Figure 6. OTUD6B associates with MYC activity, MGUS to MM transition and poor outcome in MM patients

1. A

   Correlation between MYC and OTUD6B expression in MM patient samples at diagnosis. mRNA expression in primary CD138⁺ MM cells was quantified by real‐time qPCR (n = 89 patients). Data are fit by linear regression (black line); Pearson r, Pearson correlation coefficient; P < 0.0001; by linear regression and Pearson correlation.

2. B

   GSEAs showing an enrichment of MYC target genes in MM patients with high OTUD6B expression in two independent data sets (Left: GSE24080; Right CoMMpass‐cohort – dbGaP accession: phs000748.v4.p3).

3. C, D

   Kaplan–Meier survival curves of MM patients with high or low OTUD6B expression. Patients from the upper and lower quartiles of the two cohorts comprising the GSE24080 dataset (n = 176 for TT2 and n = 108 for TT3) (C) and the CoMMpass cohort (n = 385) (D) described in (B) were taken for analysis. P values calculated by Log‐rank test.

4. E

   Data from Zhan et al (2007) reanalyzed to show expression levels of OTUD6B in normal bone marrow (BM; n = 22), monoclonal gammopathy of undetermined significance (MGUS; n = 44) and multiple myeloma (MM; n = 12). Box‐and‐whisker plots show the upper and lower quartiles (25–75%) with a line at the median, whiskers extend from the 10^th to the n percentile, and dots correspond to minimal and maximal values.

5. F

   Kaplan–Meier curves for EFS of bortezomib treated MM patients with high or low OTUD6B expression. Patients classified as bortezomib responders (R) in the GSE9782 dataset were grouped according to their OTUD6B expression (highest and lowest 30%; n = 53) and analyzed for event free survival. P values calculated by Log‐rank test.

6. G, H

   Proliferation analysis of (G) LP‐1‐Cas9 and (H) MM1.S‐Cas9 cells infected with indicated sgRNAs cultured without or with a sub‐lethal dose of bortezomib (LP1: 7 nM; MM1.S: 12.5 nM) or carfilzomib (for MM1.S only. Sub‐lethal dose of 5 nM). The ratio of sgRNA expressing (GFP⁺) cells to uninfected cells was measured by flow cytometry at the indicated time points after infection. Results are normalized to GFP⁺ cells at day 4 (n = 3 independent experiments). Values represent mean ± s.d.

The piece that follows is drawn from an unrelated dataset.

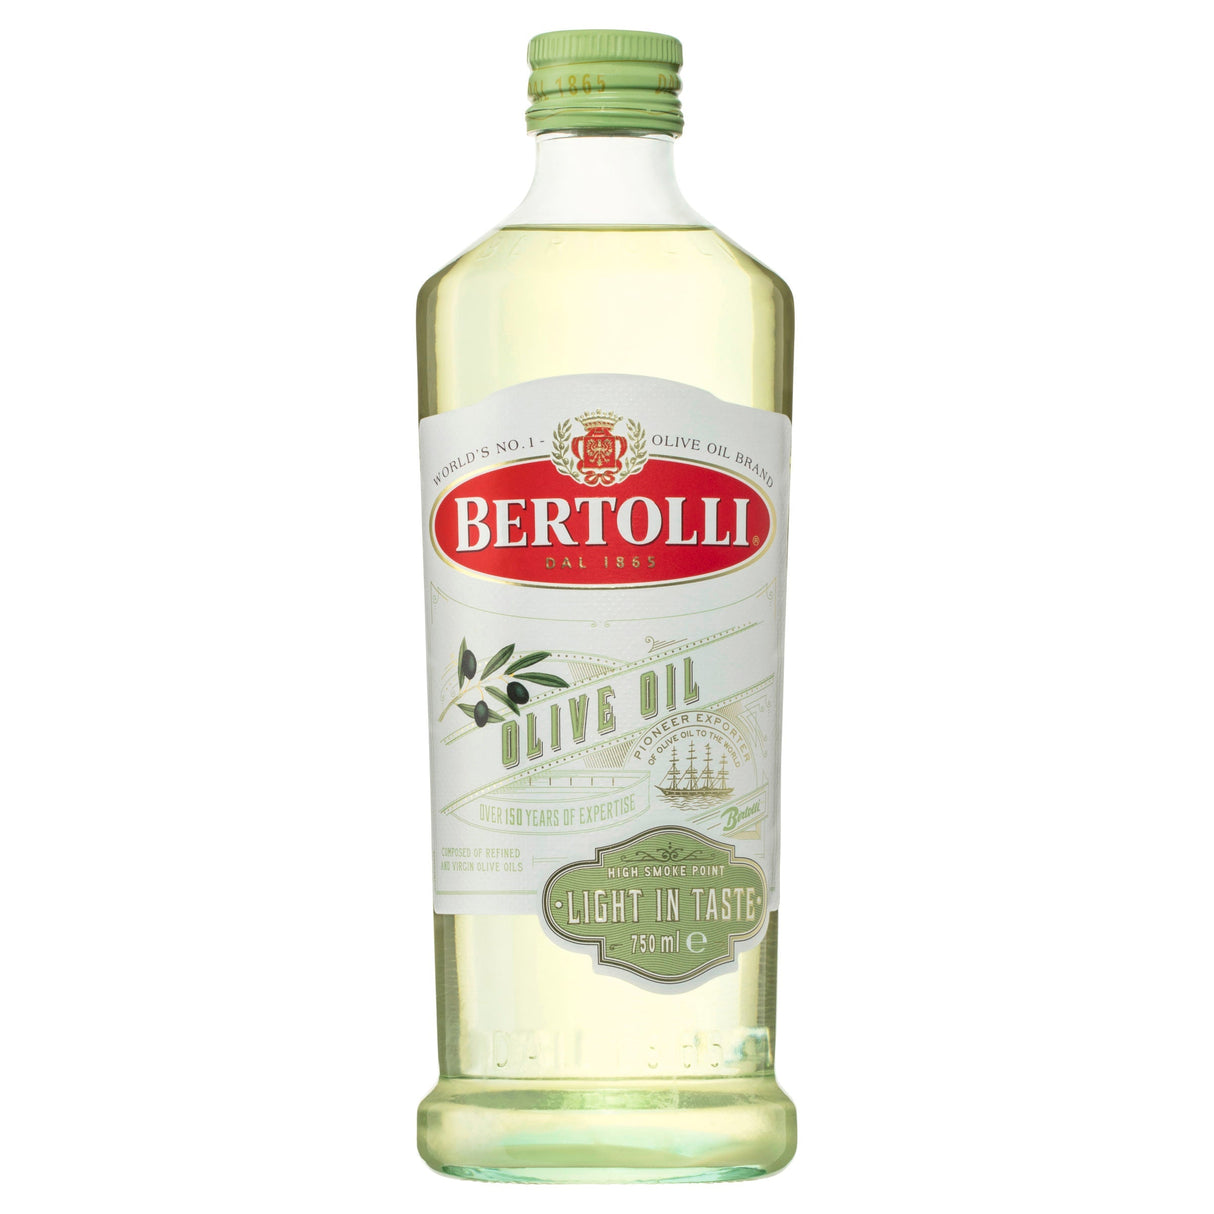 Bertolli Light in Taste Olive Oil 750ml

Data information: *P < 0.05; **P < 0.01; ****P < 0.0001; by Student's t‐test, (H) corrected for multiple testing. Source data are available online for this figure.

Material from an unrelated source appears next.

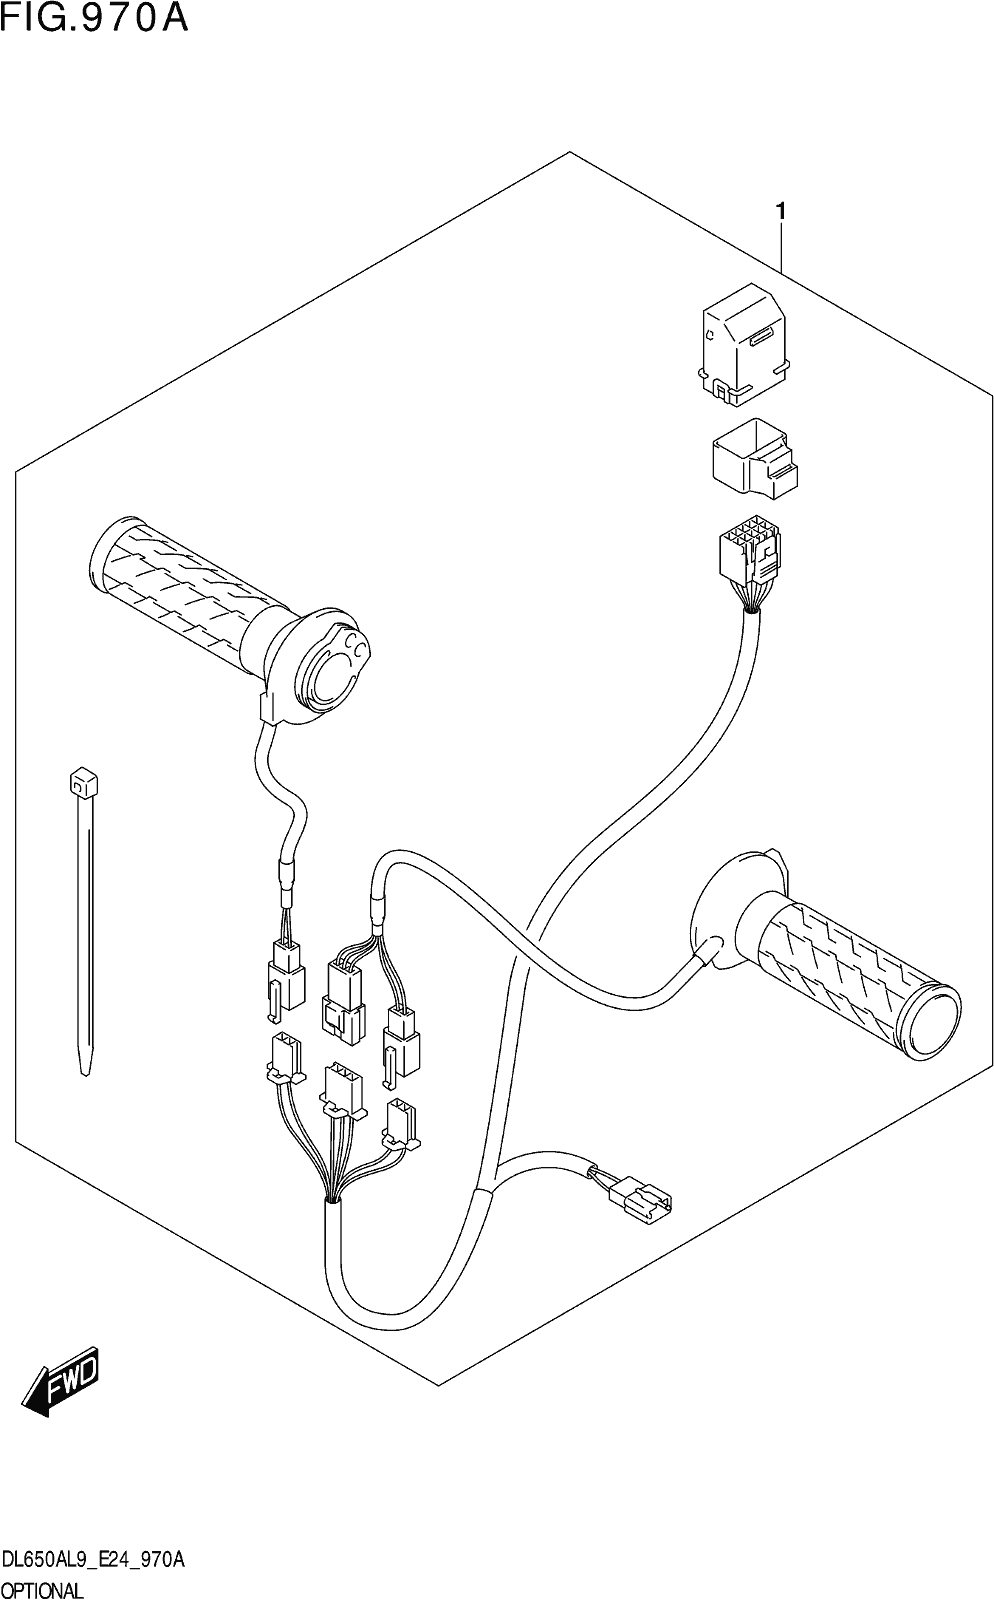 Fig.970a Optional (grip Heater Set)

Figure EV5. OTUD6B levels do not correlate with a specific cytogenetic abnormality in MM patients

Correlation between clinically predictive cytogenetic abnormalities and OTUD6B mRNA expression in MM patient samples at diagnosis. mRNA expression in primary CD138⁺ MM cells was quantified by real‐time qPCR (n = 89 patients from Fig 6A) and correlated with routinely assessed cytogentic profiles. Box‐and‐whisker plots show the upper and lower quartiles (25–75%) with a line at the median, whiskers extend from the 10^th to the 90^th percentile, and dots correspond values outside the 10^th and 90^th percentile. Source data are available online for this figure.